Elasticlunr Query DSL
January 8th, 2022
Like every other search engine, you can make more advanced search queries depending on your requirements, and I'm pleased to tell you that Elasticlunr has not left out such capabilities. So, in the remaining part of this post, I will be highlighting the available query types provided by the library and how you can use them.
I will like to mention that Elasticlunr tries to replicate popular Query DSL (Domain Specific Language) with the same behavior as Elasticsearch, which means the learning curve reduces if you have experience using the search engine. For Elasticlunr, there are the bool
, match
, match_all
, not
, and terms
query types you can use to retrieve insights about an index.

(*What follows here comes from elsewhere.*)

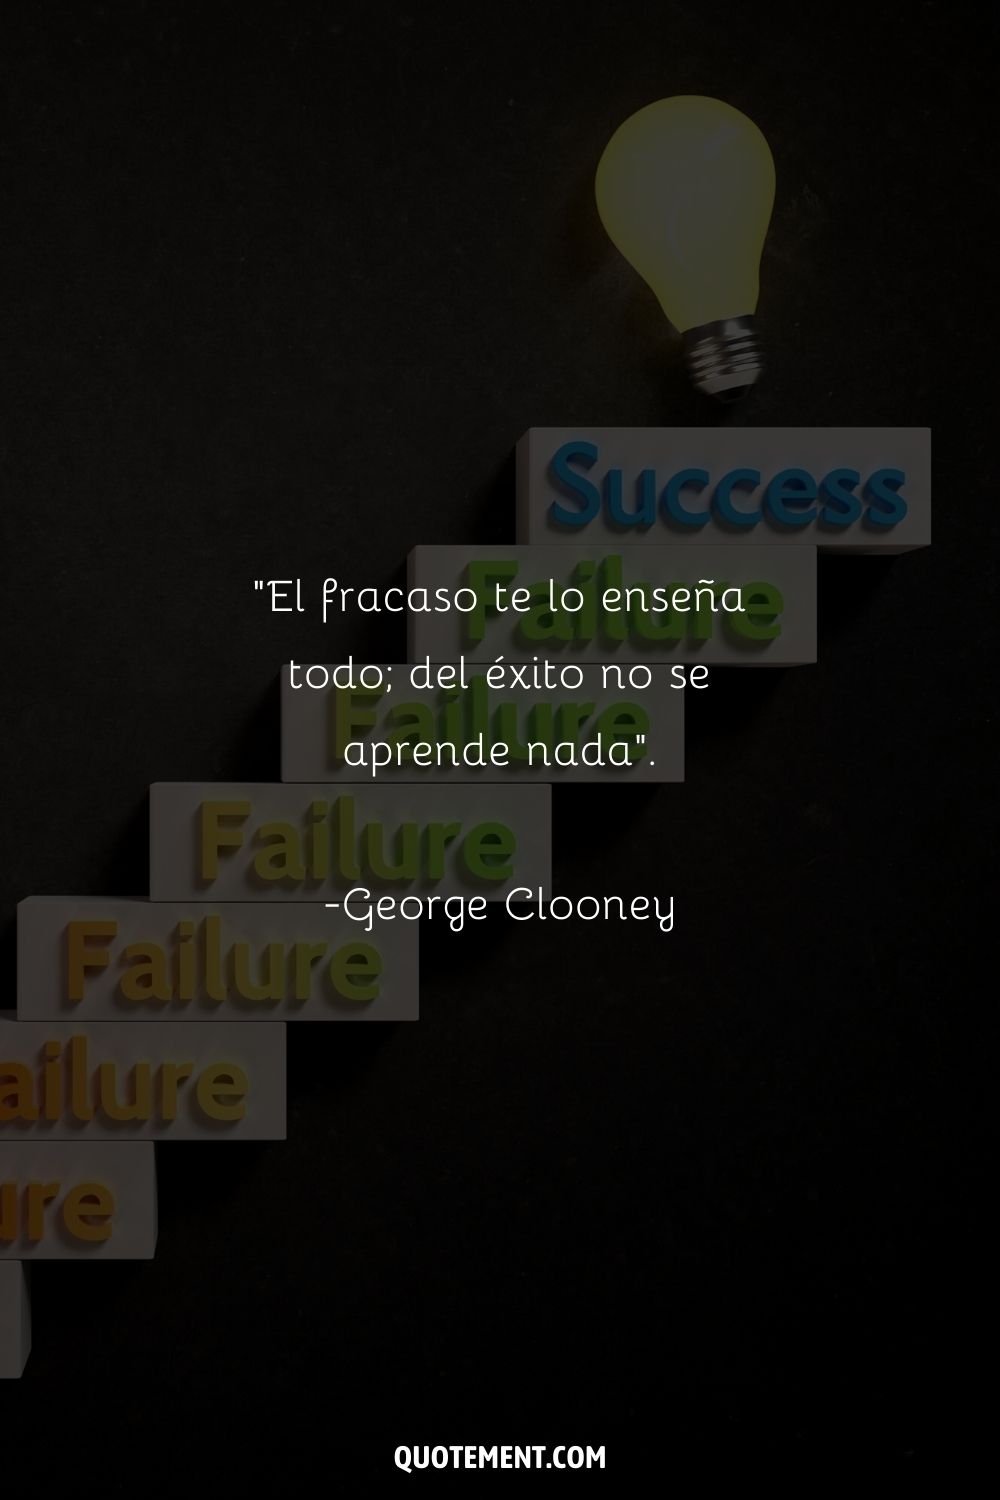 "El fracaso te lo enseña todo; del éxito no se aprende nada". - George Clooney

So, let's proceed to the explanation of these query types and their usages using the blog posts index example in the previous blog post.
Bool
The bool
query is used with a combination of queries to retrieve documents matching the boolean combinations of clauses. Consider these clauses to be everything that comes after the SELECT
statement in relational databases. Note that the bool
query is used under the hood when you pass a string to Index.search/1
.
The bool
query is built using one or more clauses to achieve desired results, and each clause has its type, see below:
Clause | Description |
---|---|
must |
The clause must appear in the matching documents, and this affects the document's score. |
must_not |
The clause must not appear in the matching document. Scoring is ignored because the clause is executed in the filter context. |
filter |
Like must , the clause must appear in the matching documents but scoring is ignored for the query. |
should |
The clause should appear in the matching document. |
It's important to note that only scores from the must
and should
clauses contribute to the final score of the matching document.
# example bool query
Index.search(index, %{
"query" => %{
"bool" => %{
"must" => %{
"terms" => %{"content" => "use"}
},
"should" => %{
"terms" => %{"category" => "elixir"}
},
"filter" => %{
"match" => %{
"id" => 3
}
},
"must_not" => %{
"match" => %{
"author" => "mika"
}
},
"minimum_should_match" => 1
}
}
})
You can use the minimum_should_match
parameter to specify the number of should
clauses returned documents must match.
If the bool
query includes at least one should
clause and no must
or filter
clauses, the default value is 1. Otherwise, the default value is 0.
Match
The match
query is the standard query used for full-text search, including support for fuzzy matching. The provided text is analyzed before matching it against documents.
# example match query
Index.search(index, %{
"query" => %{
"match" => %{
"content" => %{
"query" => "liveview browser"
}
}
}
})
A match
query accepts one or more top-level fields you wish to search, in the example above, it's the content
field. Note that when you have more than one top-level fields, the match
query is rewritten to a bool
query internally by the library. Now, let's see what parameters are accepted by the match
query below:
Parameter | Description |
---|---|
query |
String you wish to find in the provided field. |
expand |
Increase token recall, see token expansion. |
fuzziness |
Maximum edit distance allowed for matching. |
boost |
Floating point number used to decrease or increase the relevance scores of a query. Defaults to 1.0. |
operator |
The boolean operator used to interpret the query value. Available values for the operator option are or and and . Defaults to or . |
minimum_should_match |
Minimum number of clauses that a document must match for it to be returned. |
Terms
The query return documents that contain the exact terms in a given field. The terms
query should be used to find documents based on a precise value such as a price, a product ID, or a username.
# example terms query
Index.search(index, %{
"query" => %{
"terms" => %{
"content" => %{
"value" => "think"
}
}
}
})
Just like the match
query, the terms
query also accepts one or more top-level fields. See below, to find what parameters are accepted by the terms
query:
Parameter | Description |
---|---|
value |
A term you wish to find in the provided field. The term must match exactly the field value to return a document. |
boost |
Floating point number used to decrease or increase the relevance scores of a query. Defaults to 1.0. |
Match All
The most simple query, which matches all documents, gives them a score of 1.0 each.
# example match all query
Index.search(index, %{
"query" => %{
"match_all" => %{}
}
})
Parameter | Description |
---|---|
boost |
Floating point number used to decrease or increase the relevance scores of a query. Defaults to 1.0. |
Not
The not
query inverts the result of the nested query giving the matched documents a score of 1.0 each.
# example match all query
Index.search(index, %{
"query" => %{
"not" => %{
"match" => %{
"content" => "ecto"
}
}
}
})
Wrap Up
Phew, we made it to the end. The above are the available query types you can use to build more advanced queries for your use case. In the proceeding posts, I will be writing about how you can serialize your index and write to any storage service of your choice.
And don't forget to have a look at the livebook document so that you can fiddle with each query and see how you can tweak them to achieve your wants.